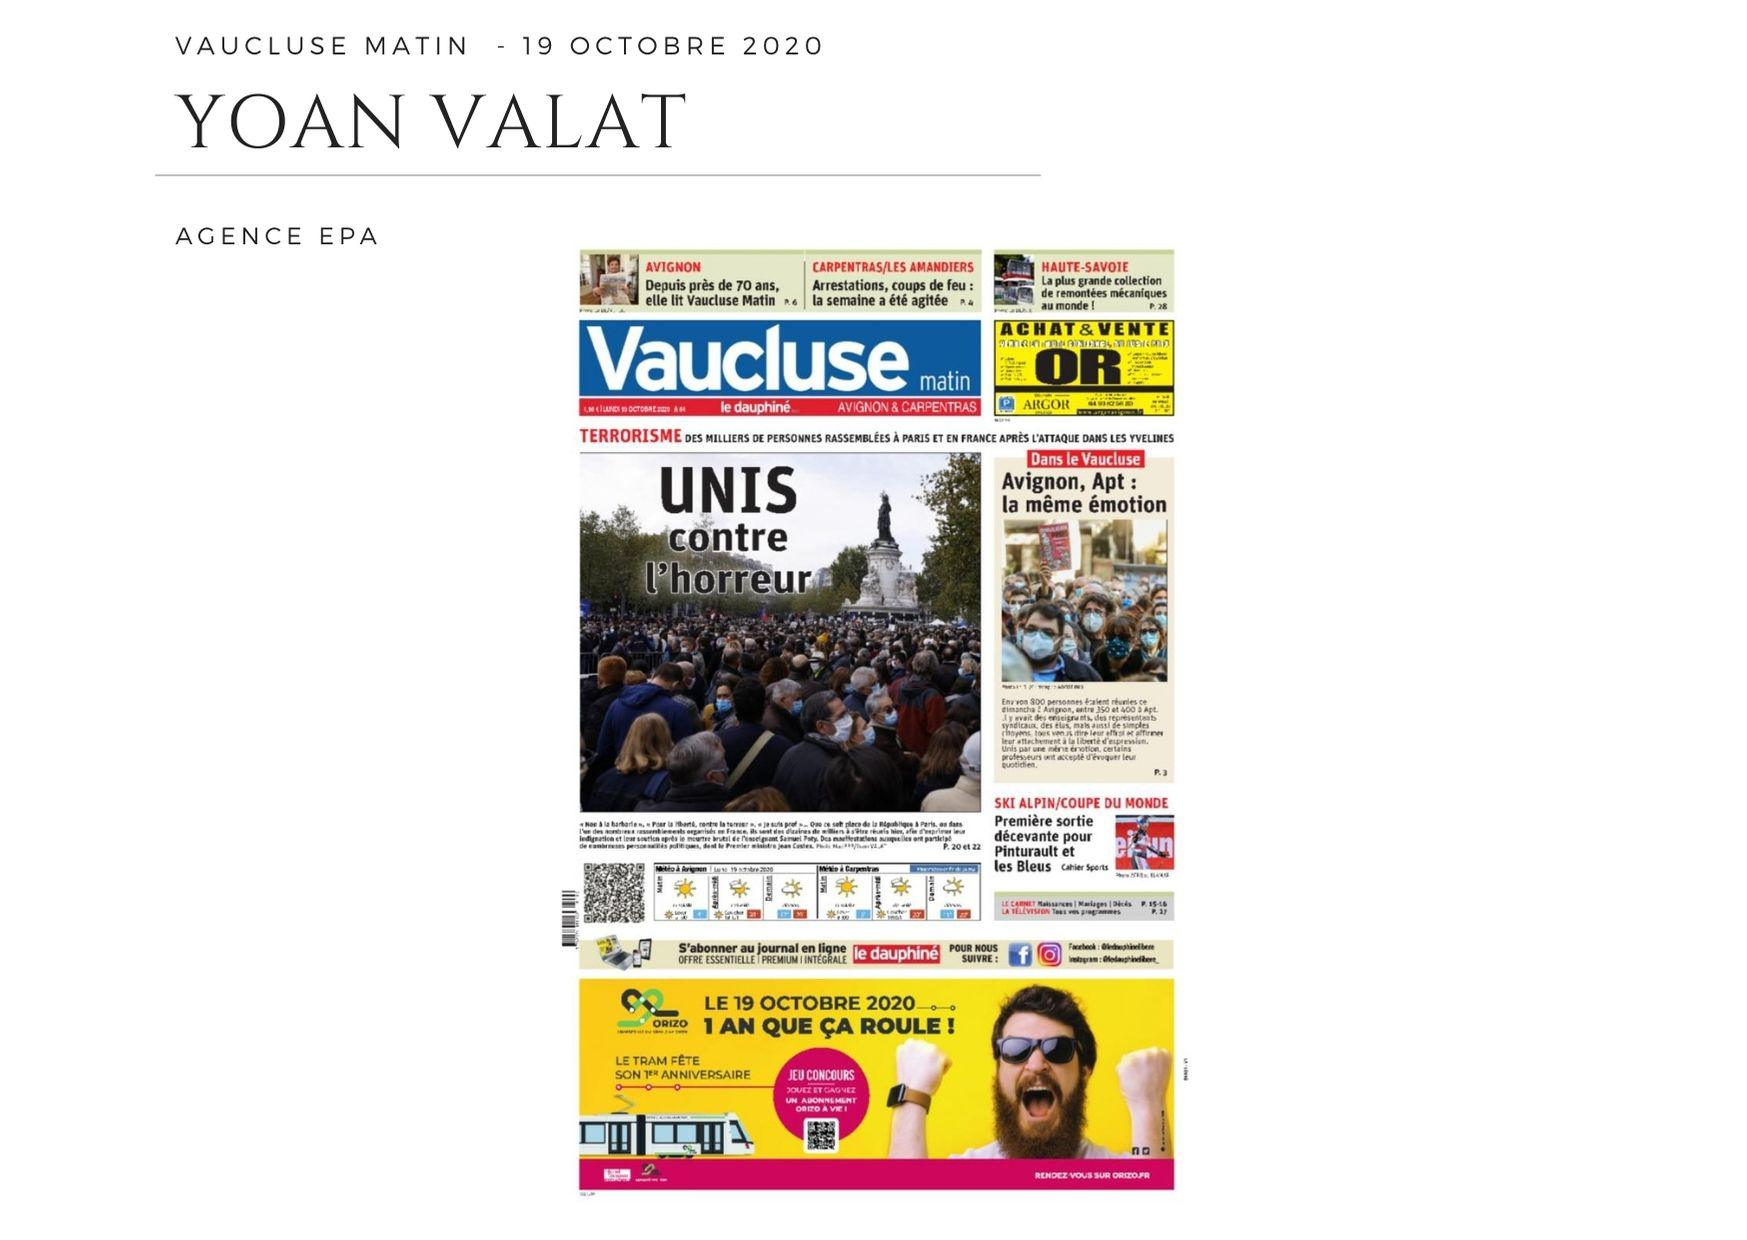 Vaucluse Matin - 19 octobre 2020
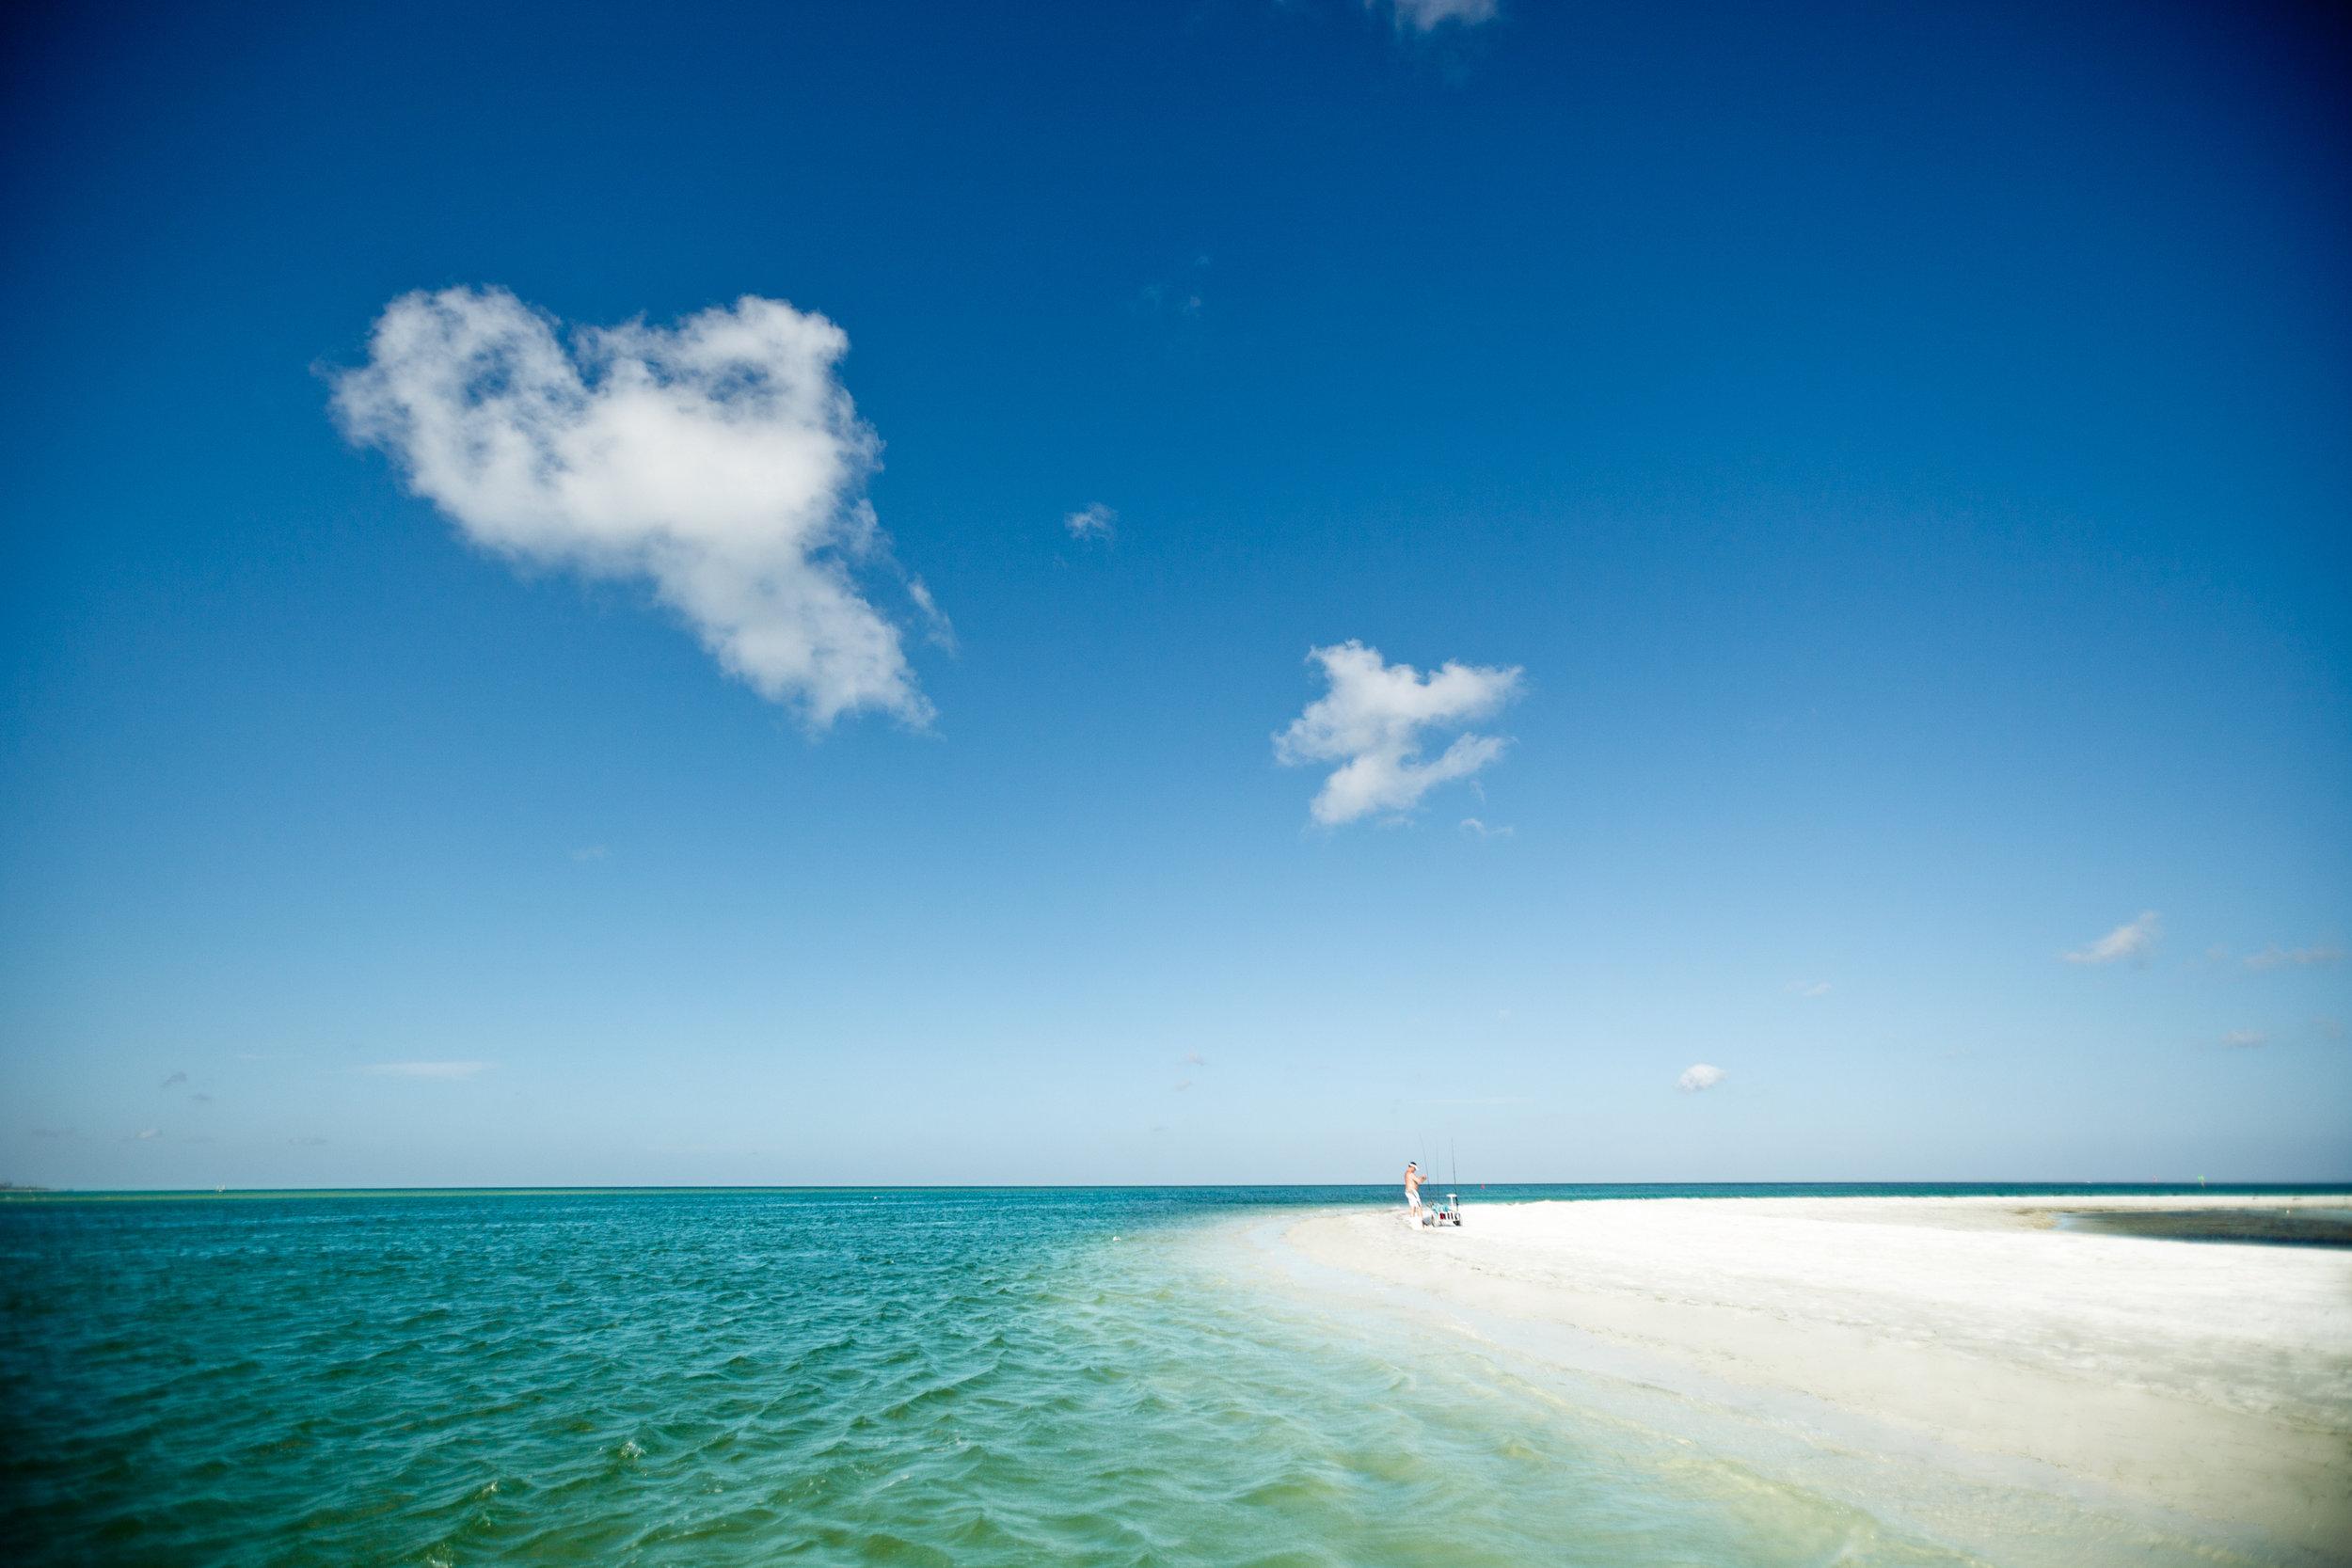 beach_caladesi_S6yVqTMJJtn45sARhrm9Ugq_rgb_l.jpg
◇ ◇ ◇ ◇ ◇
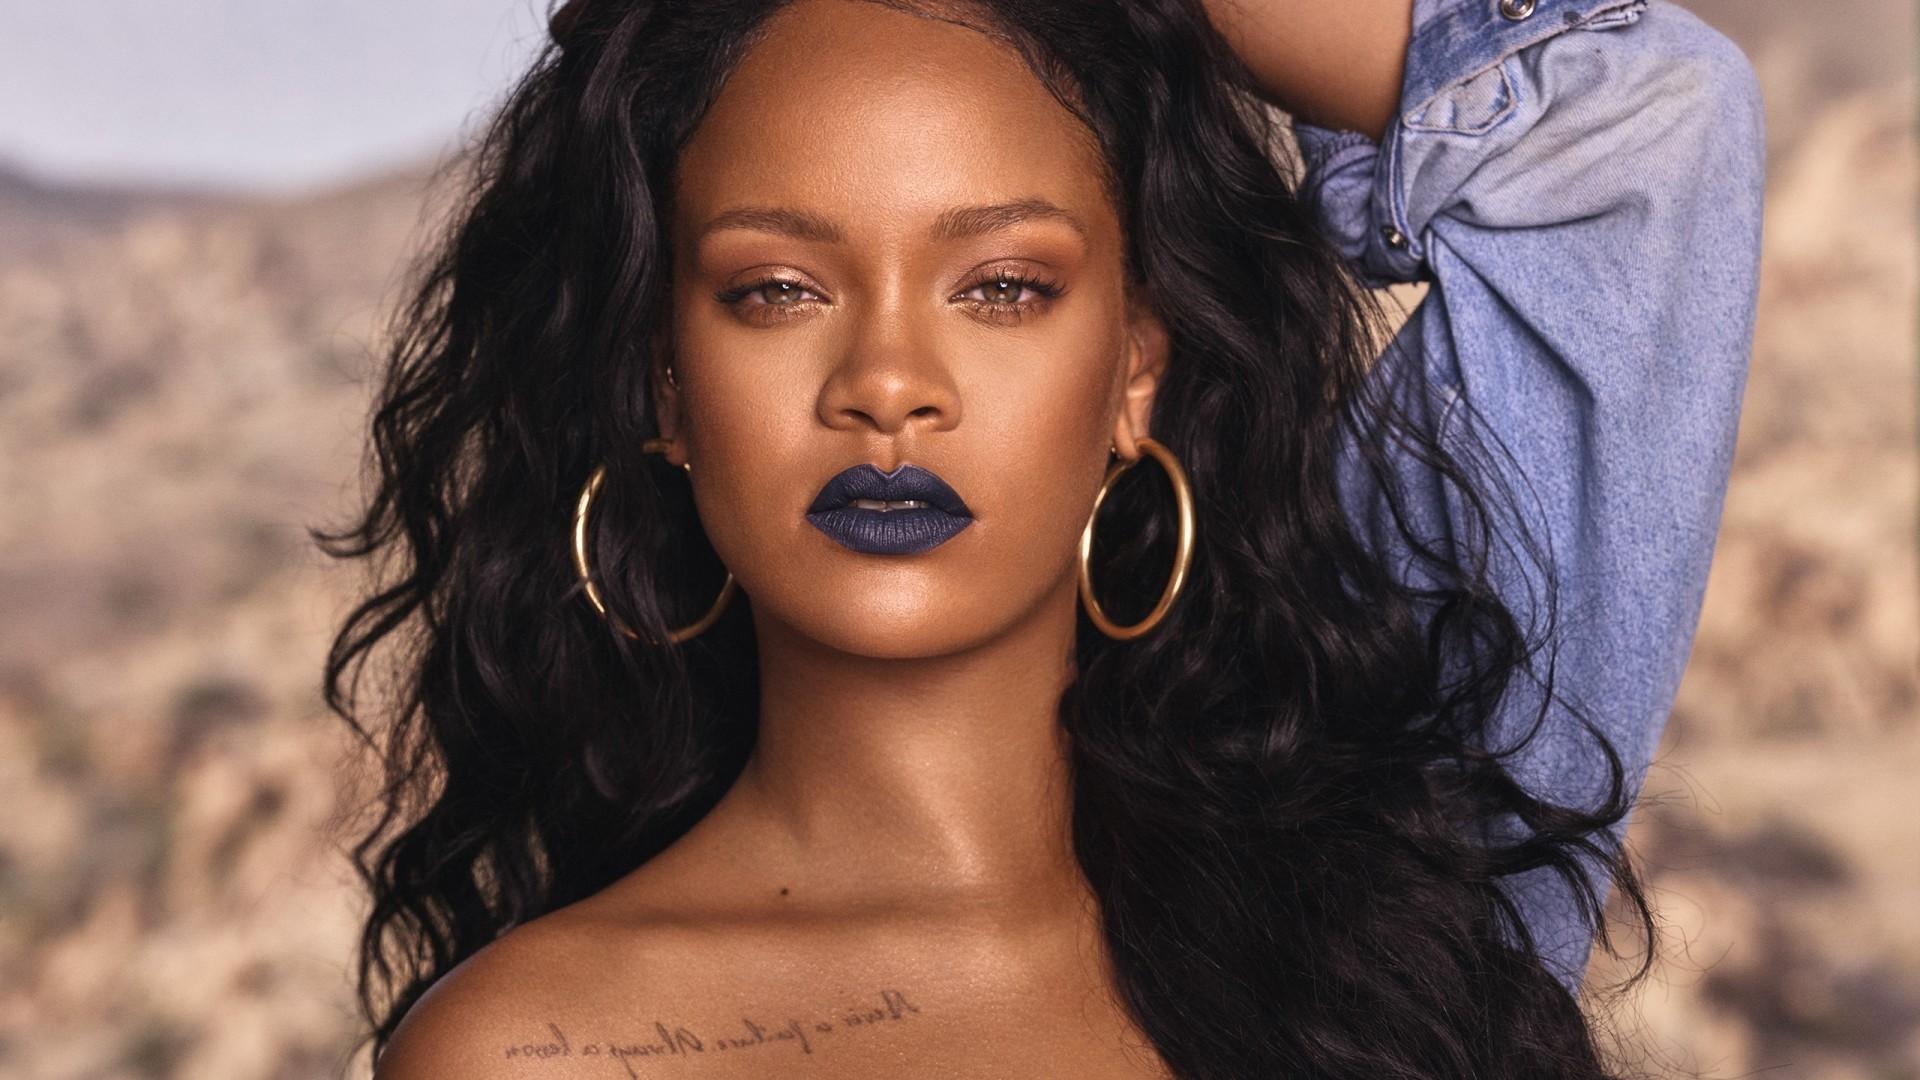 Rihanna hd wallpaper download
◇ ◇ ◇ ◇ ◇
**TO DO**:
Only one stretch of the listing above is to be duplicated: the lines from the one containing "Vaucluse Matin - 19 octobre 2020" through the one containing "beach_caladesi_S6yVqTMJJtn45sARhrm9Ugq_rgb_l.jpg", both included. Copy them exactly, minus the pictures.

**PROBLEM SOLUTION**:
 Vaucluse Matin - 19 octobre 2020
 beach_caladesi_S6yVqTMJJtn45sARhrm9Ugq_rgb_l.jpg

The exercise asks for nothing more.